Tindakan ilegal penjualan tilam kapal K Kelud kepada penumpang non seat yang seharusnya dipakai penumpang yang memiliki seat bukan lagi baru,tetapi telah berlangsung bertahun-tahun lamanya.Sayangnya pihak kapal seakan-akan tutup mata dan membiarkan aksi ilegal itu terjadi secara terus menerus tanpa menindak pelaku-palaku kejatahan tersebut.
Minimnya kepedulian kru kapal KM Kelud terhadap penjualan tilam diatas kapal yang nyata-nyata merugikan penumpang disinyalir adanya hubungan kongkalikong antara keduanya,yakni abk dan mafia penjual tilam tersebut,sehingga aksi ilegal itu berlanjut dari tahun ke tahun.

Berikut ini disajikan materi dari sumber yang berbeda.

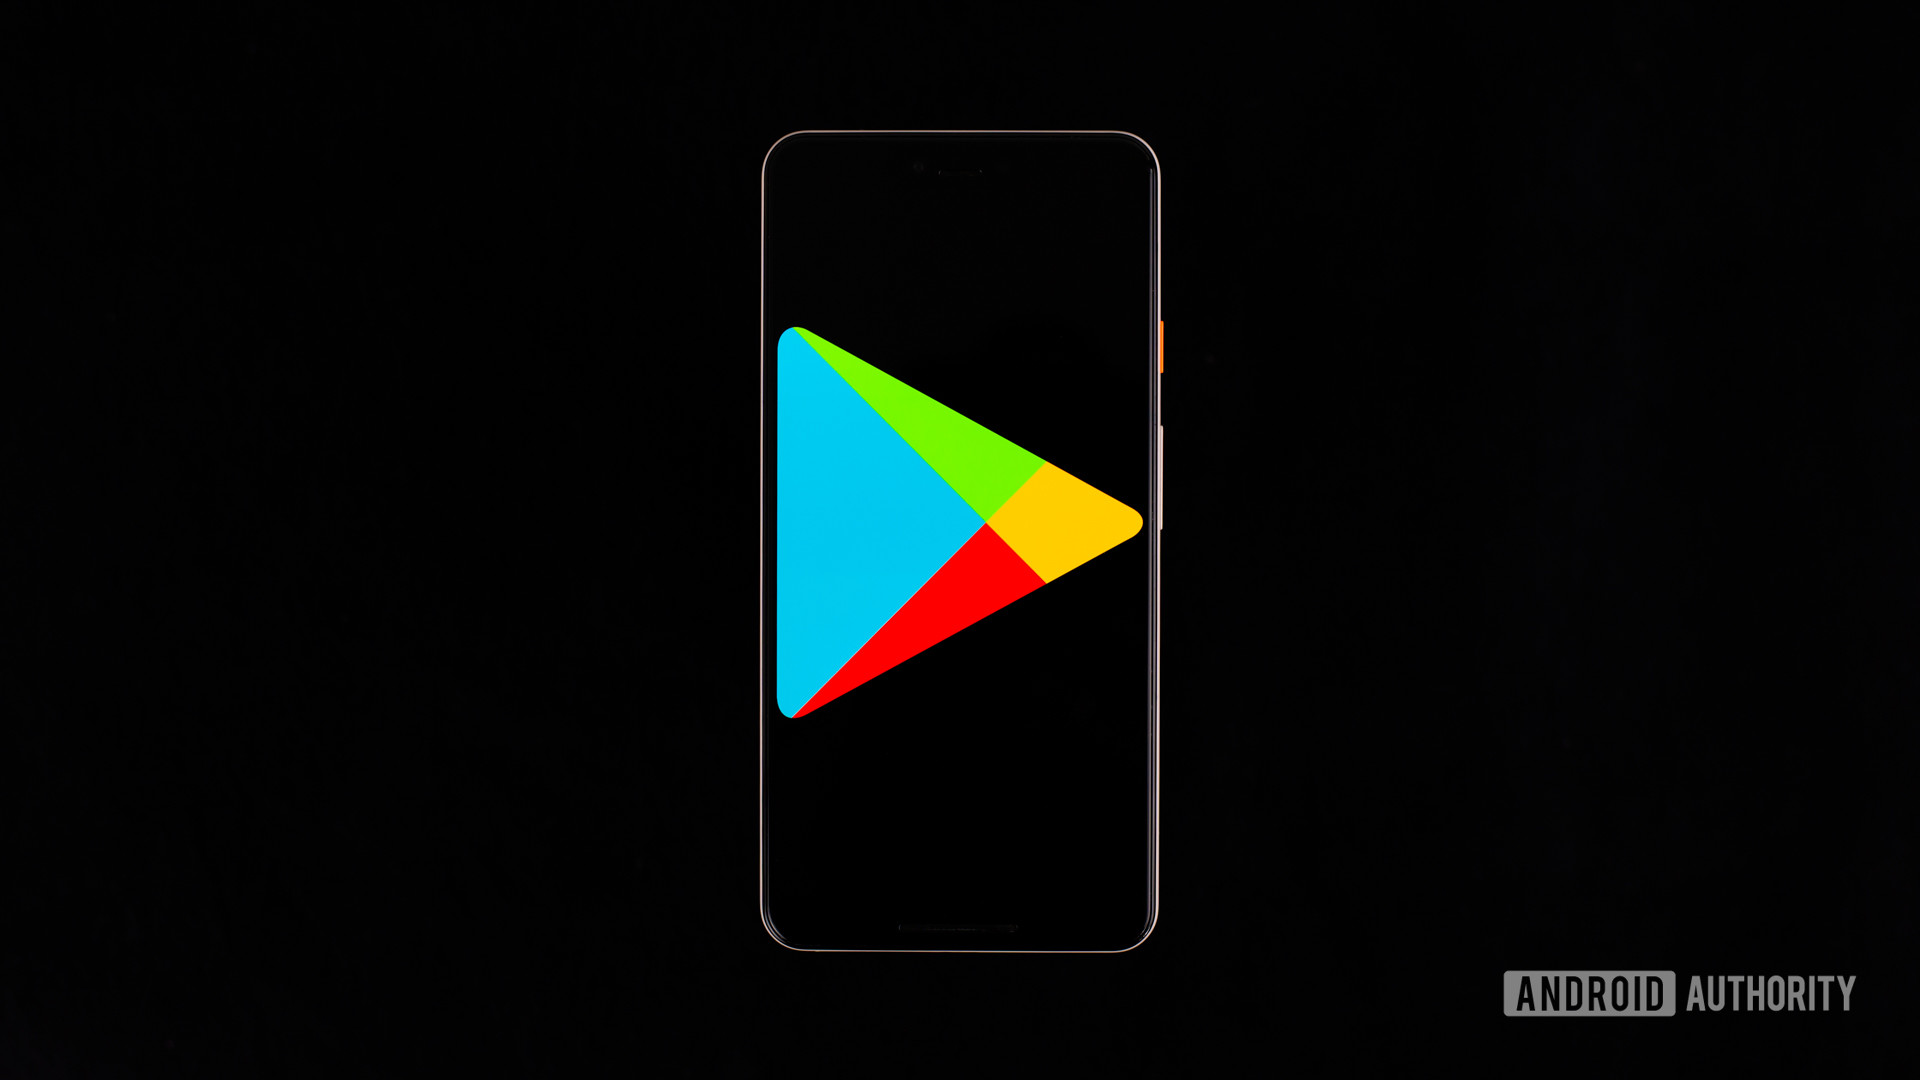 Google Play Store en el teléfono inteligente Stock Image

Tidak hanya tilam yang diperjual belikan,akan tetapi lorong-lorong didalam kapal turut dibisniskan dijual kepada penumpang yang tidak memiliki tempat tidur non seat.sayangnya penumpang non seat`pun dengan terpaksa rela memberikan uang sesuai permintaan orang yang menjual tempat tersebut.”katanya mereka yang punya,yah terpaksa kita kasih dengan terpaksa daripada ribut “.ujar penumpang lainnya.
Informasi yang dihimpun,yang melakukan penjualan tilam didalam kapal kepada penumpang yang akan berangkat dilakukan sejumlah pihak,bahkan penjualan asonganpun ikut bermain.(hen)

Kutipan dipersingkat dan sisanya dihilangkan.